• _What you have to do_: Using the listing below, print the line containing "ENGINE - GEARBOX STANDARD, 1 & 3-SPEED", the line containing "Почему не прорастают", and each line between them, exactly and nothing else. Pictures stay out of the print.

• _Dataset entries_:
|---|

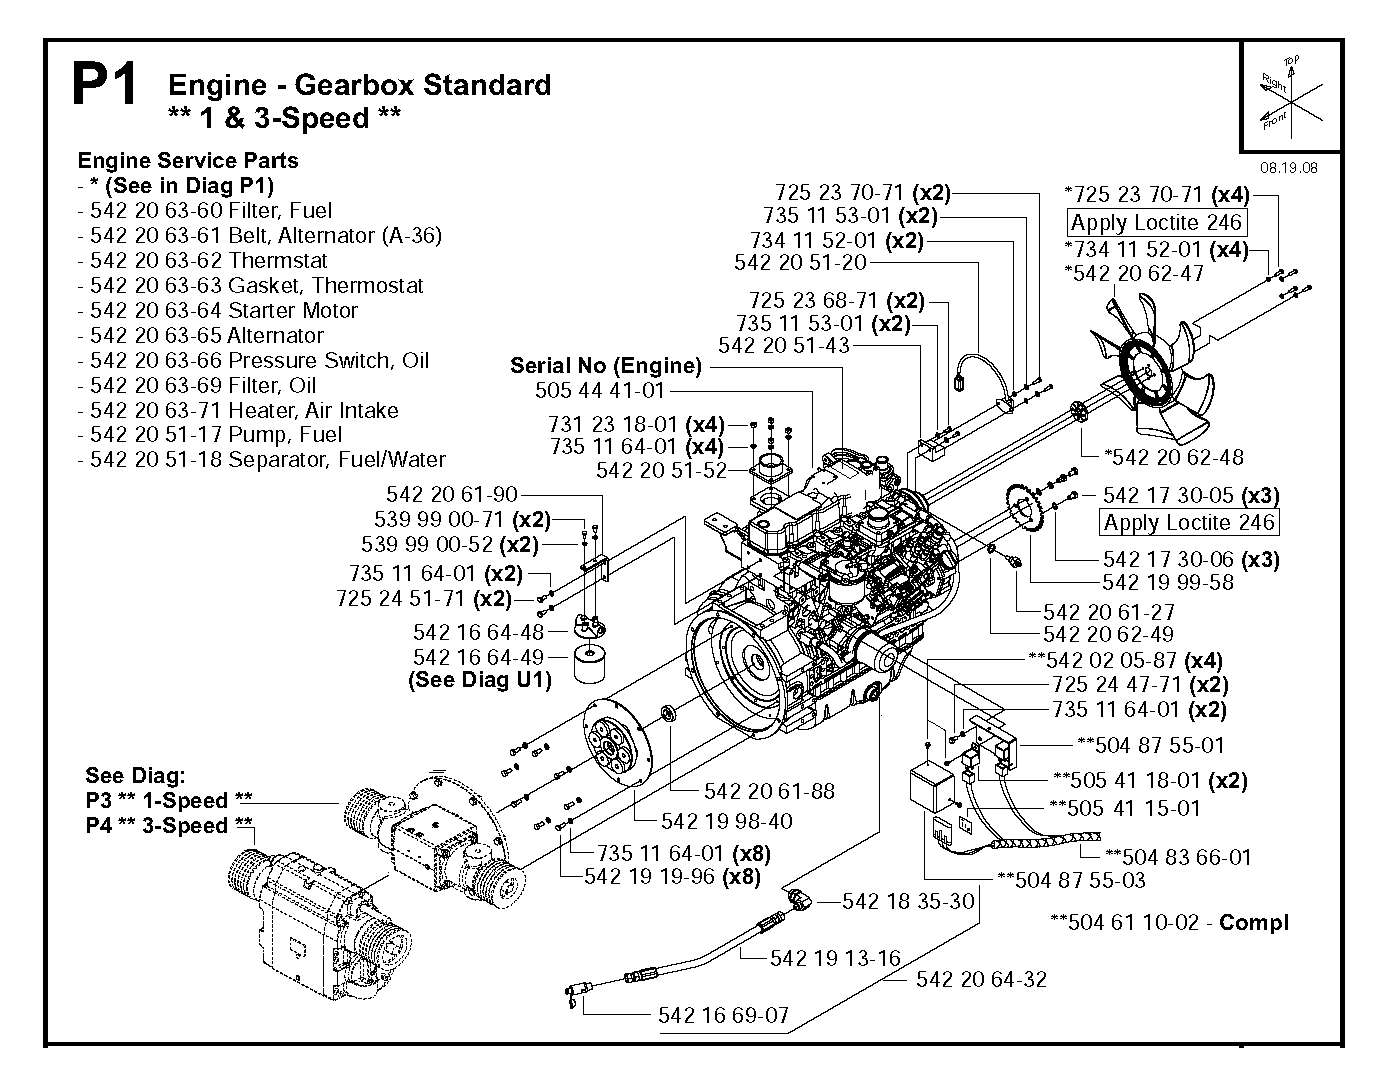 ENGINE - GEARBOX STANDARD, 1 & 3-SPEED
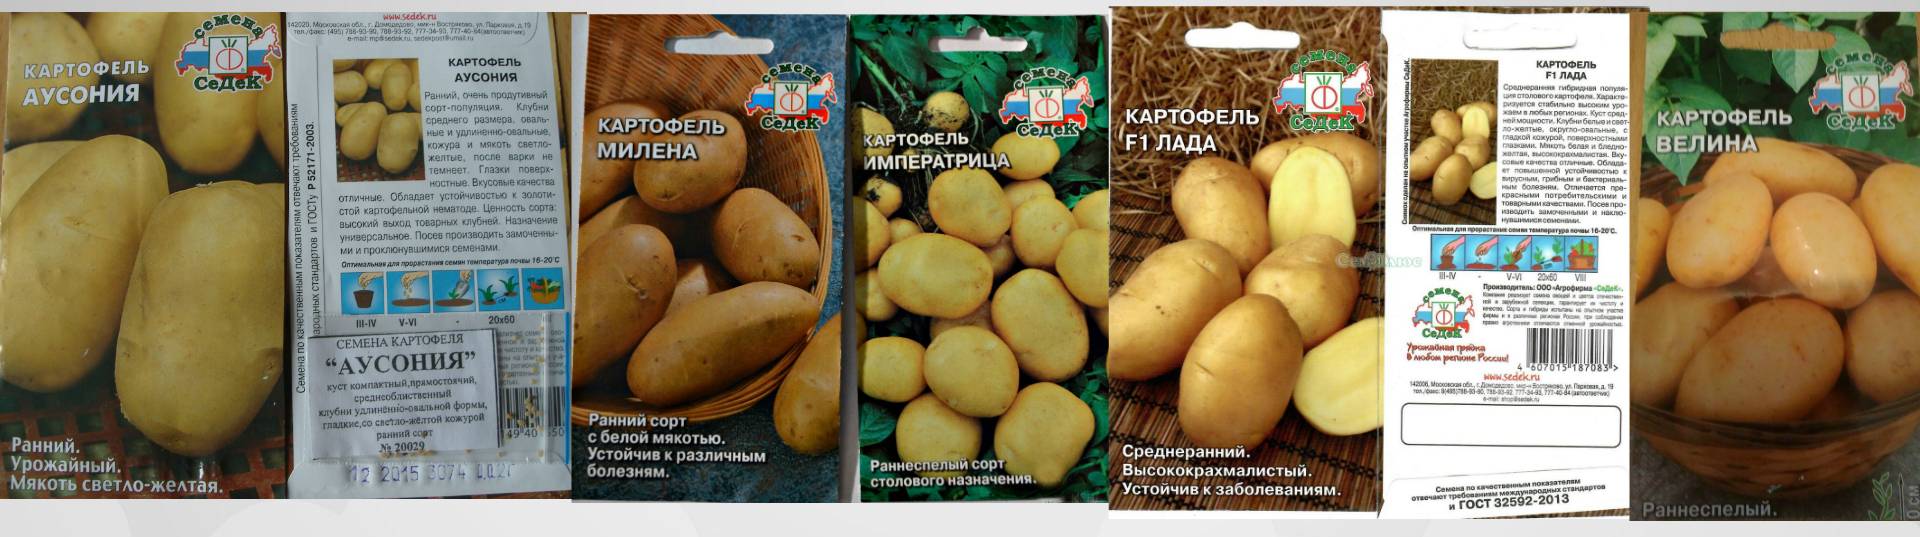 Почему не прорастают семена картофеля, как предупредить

|---|

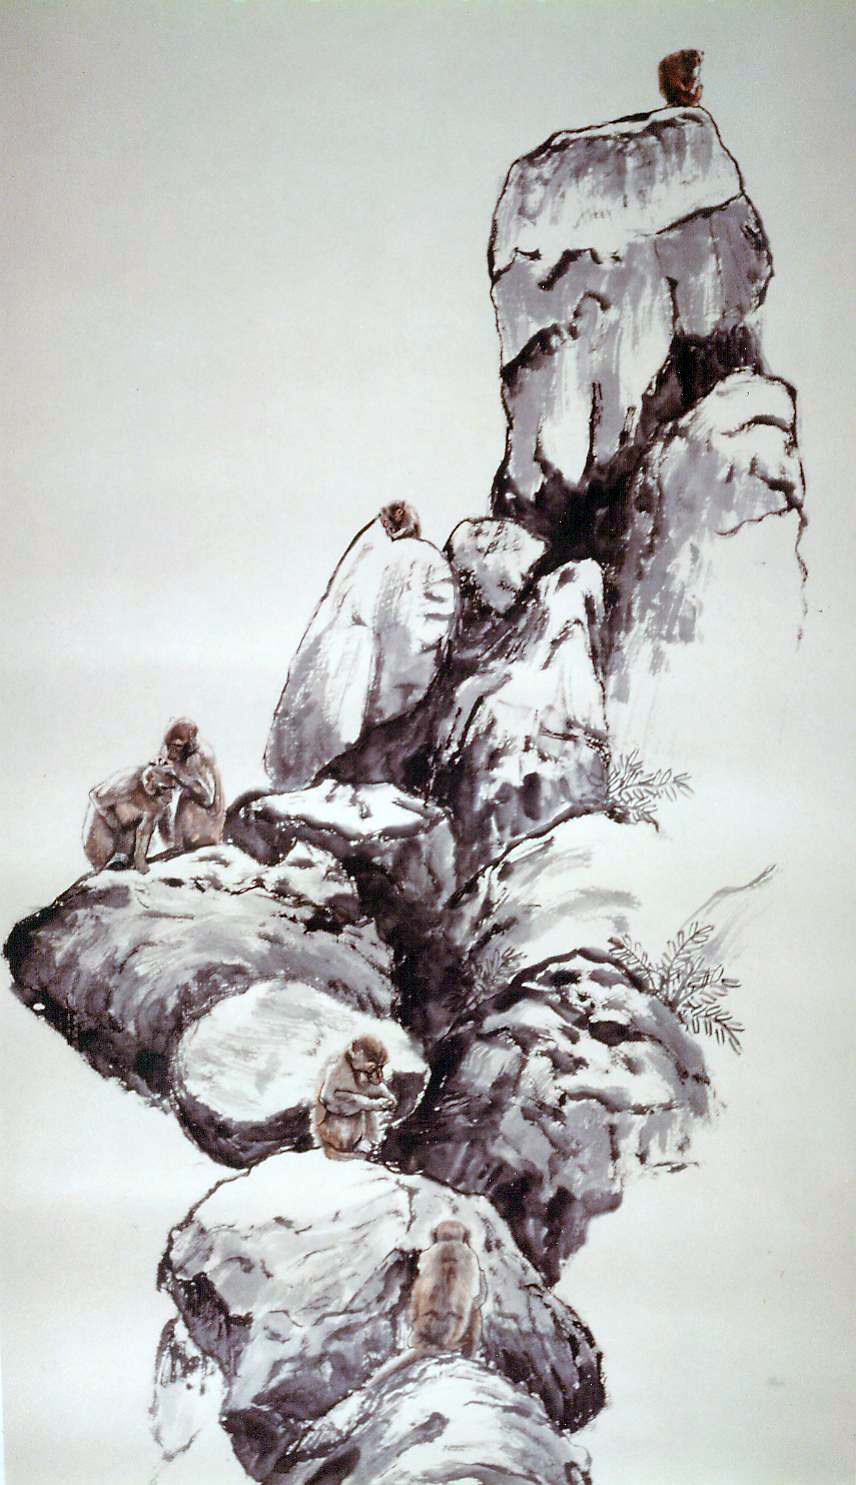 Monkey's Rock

|---|

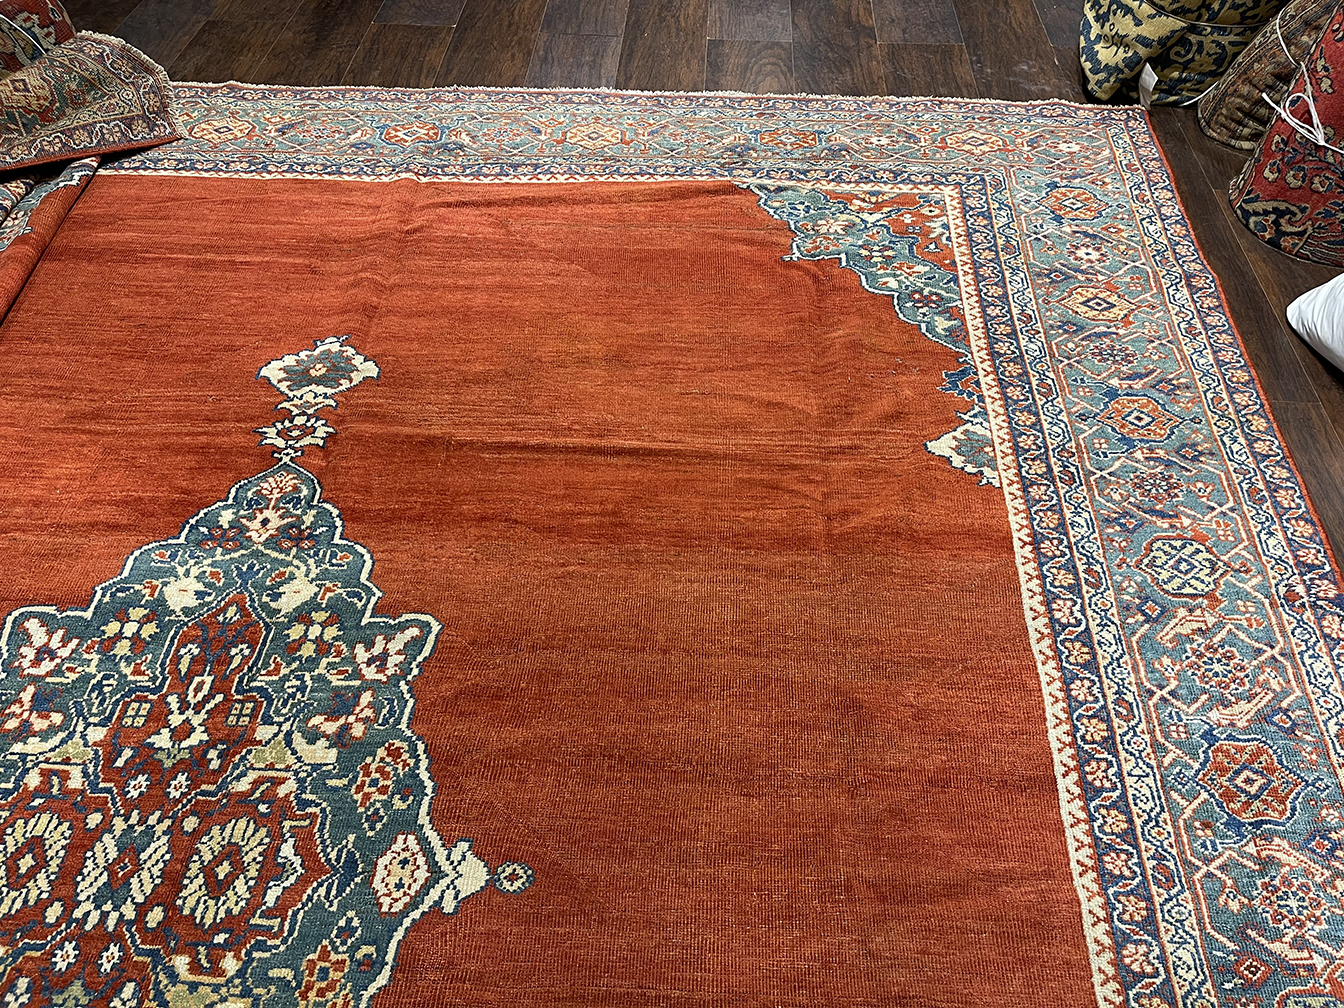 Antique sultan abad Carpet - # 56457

|---|

• _Completed task_:
 ENGINE - GEARBOX STANDARD, 1 & 3-SPEED
 Почему не прорастают семена картофеля, как предупредить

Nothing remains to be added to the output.